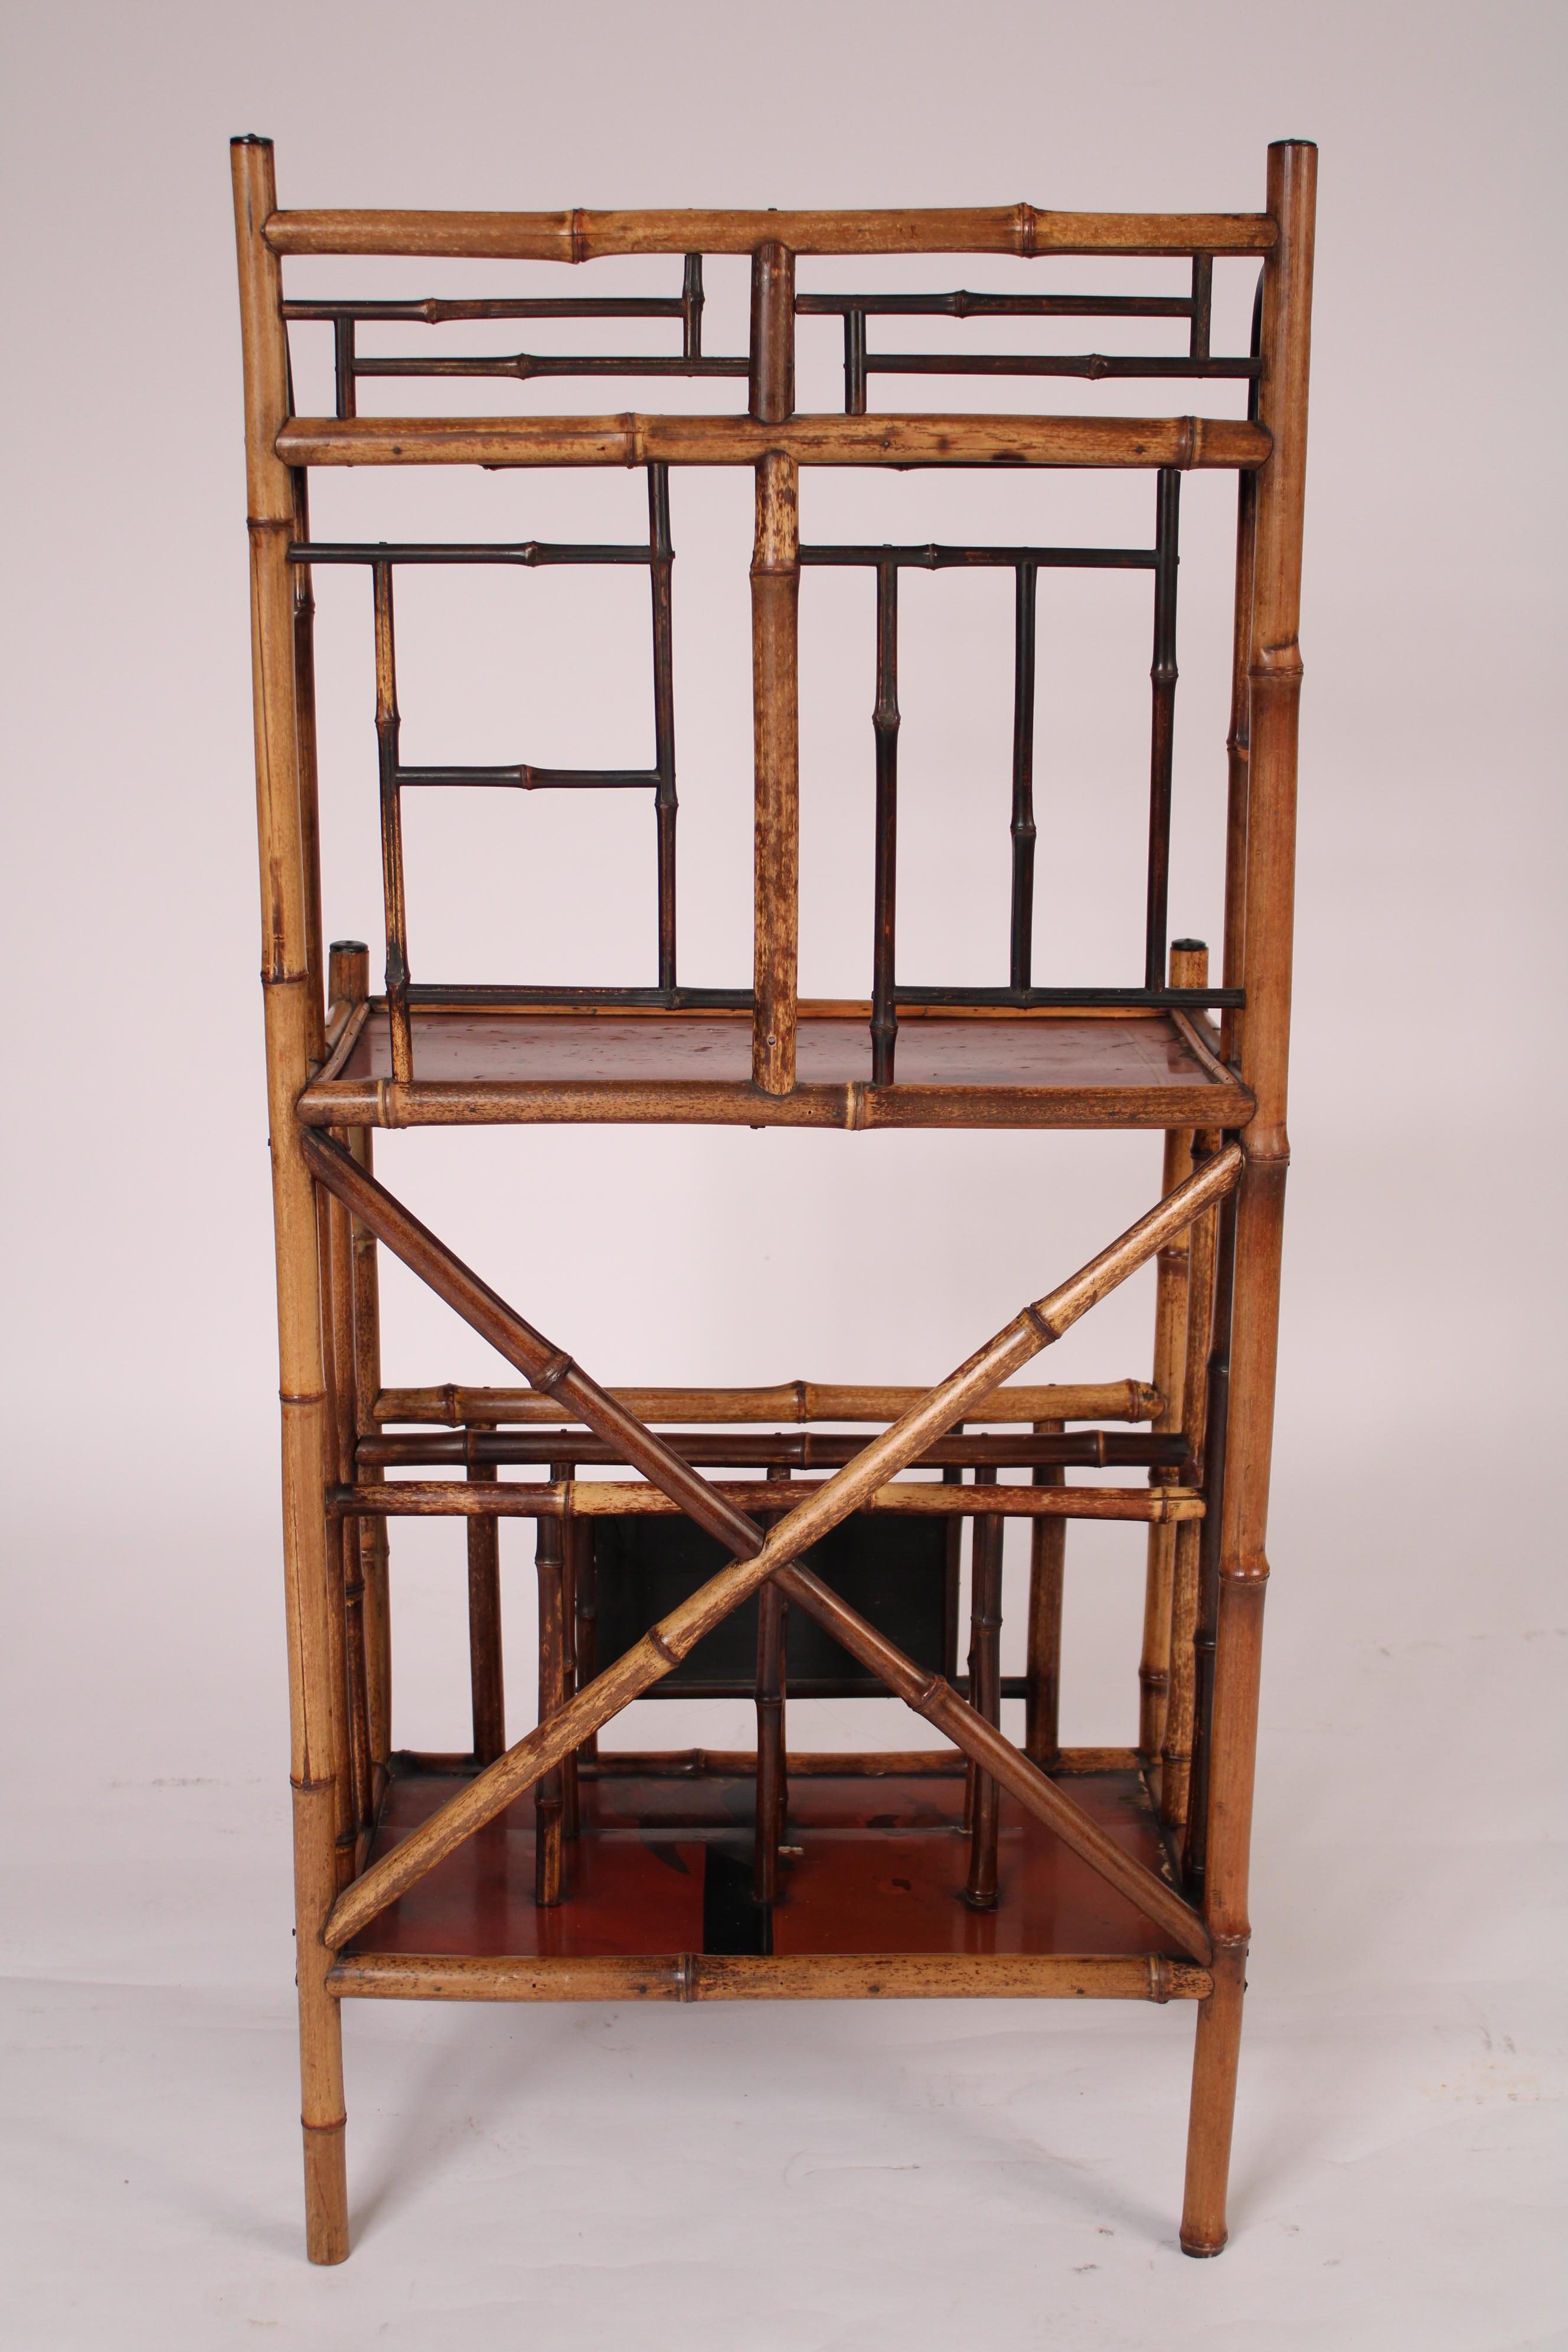 Early 20th Century Aesthetic Movement Bamboo and Lacquer Etagere For Sale
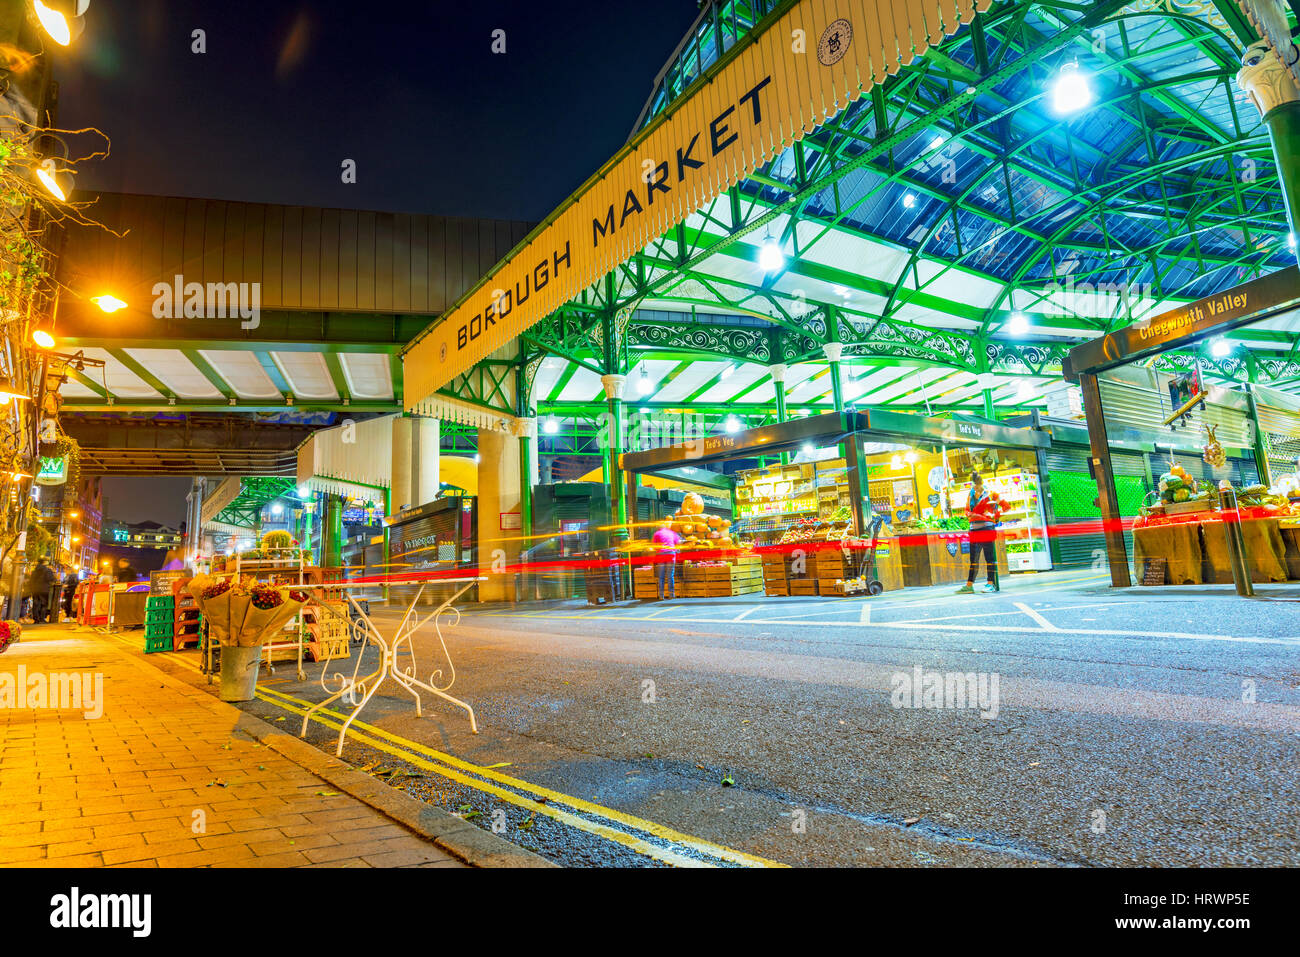 LONDON, UNITED KINGDOM - NOVEMBER 01: This is the entrance of Borough market which is a famous traditional English market in central London on Novembe Stock Photo
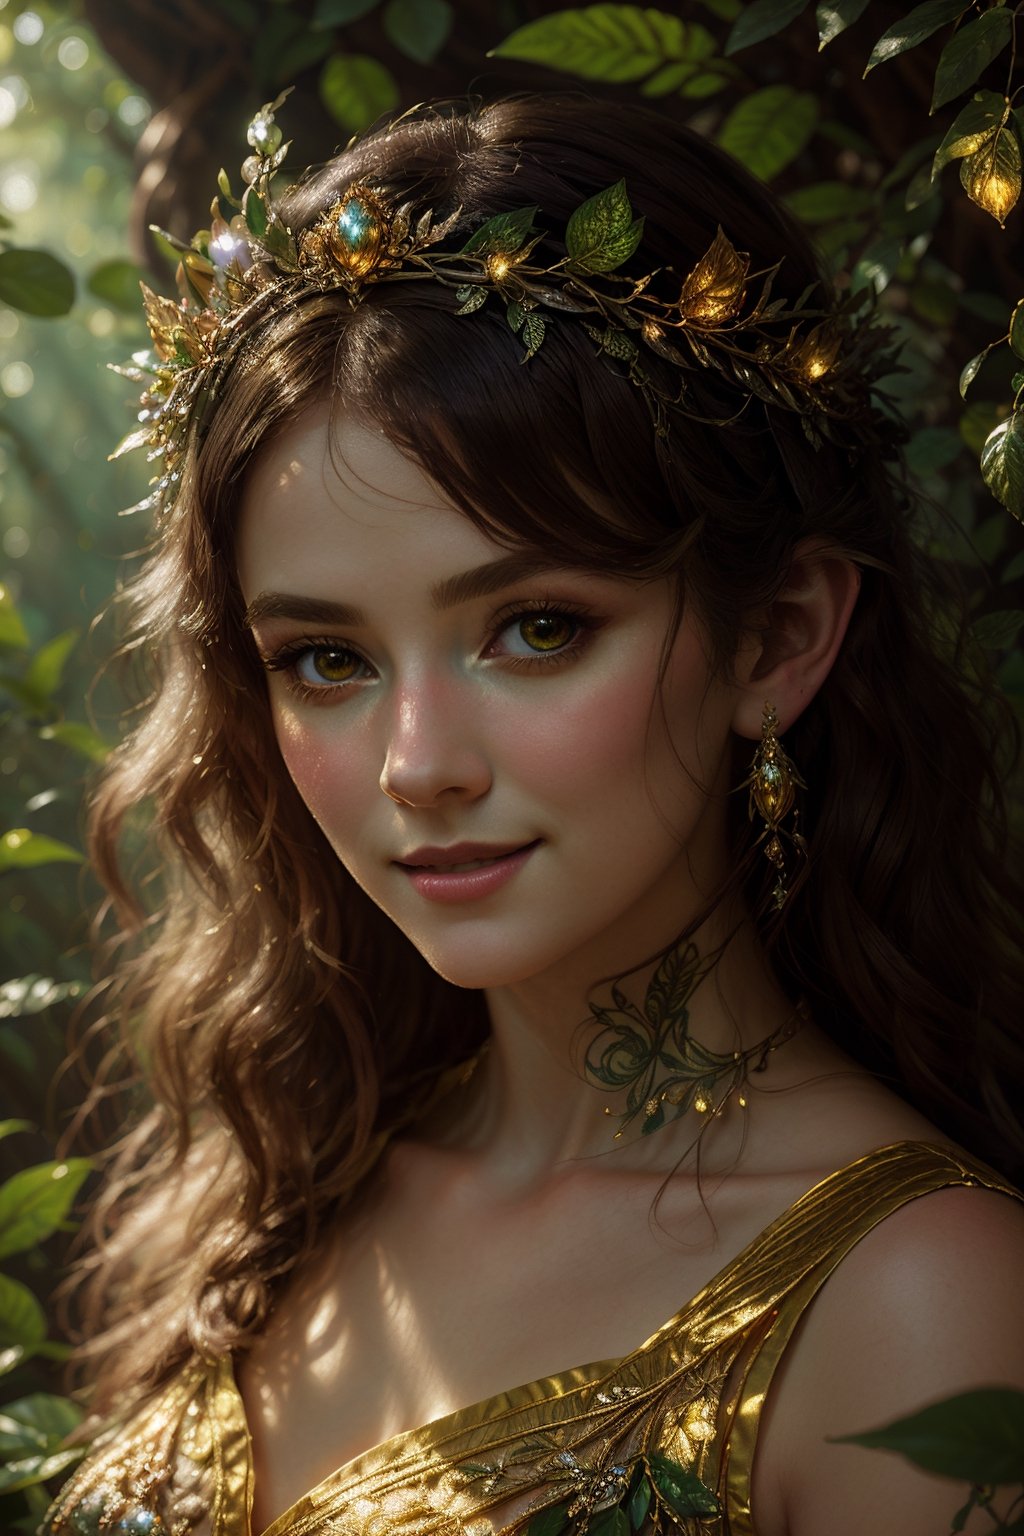 High quality, masterpiece, 8K, portrait, elven queen in a lush forest, shimmering golden gown, jeweled tiara, enigmatic smile, surrounded by ethereal glowing fauna, (magic-infused:1.4), vivid colors, intricate foliage patterns, chiaroscuro lighting, (Pre-Raphaelite art style:1.2)

Exercise details:
Could the material above be given again exactly, pictures excluded?

Task response:
 Early 20th Century Aesthetic Movement Bamboo and Lacquer Etagere For Sale
 LONDON, UNITED KINGDOM - NOVEMBER 01: This is the entrance of Borough market which is a famous traditional English market in central London on Novembe Stock Photo
 High quality, masterpiece, 8K, portrait, elven queen in a lush forest, shimmering golden gown, jeweled tiara, enigmatic smile, surrounded by ethereal glowing fauna, (magic-infused:1.4), vivid colors, intricate foliage patterns, chiaroscuro lighting, (Pre-Raphaelite art style:1.2)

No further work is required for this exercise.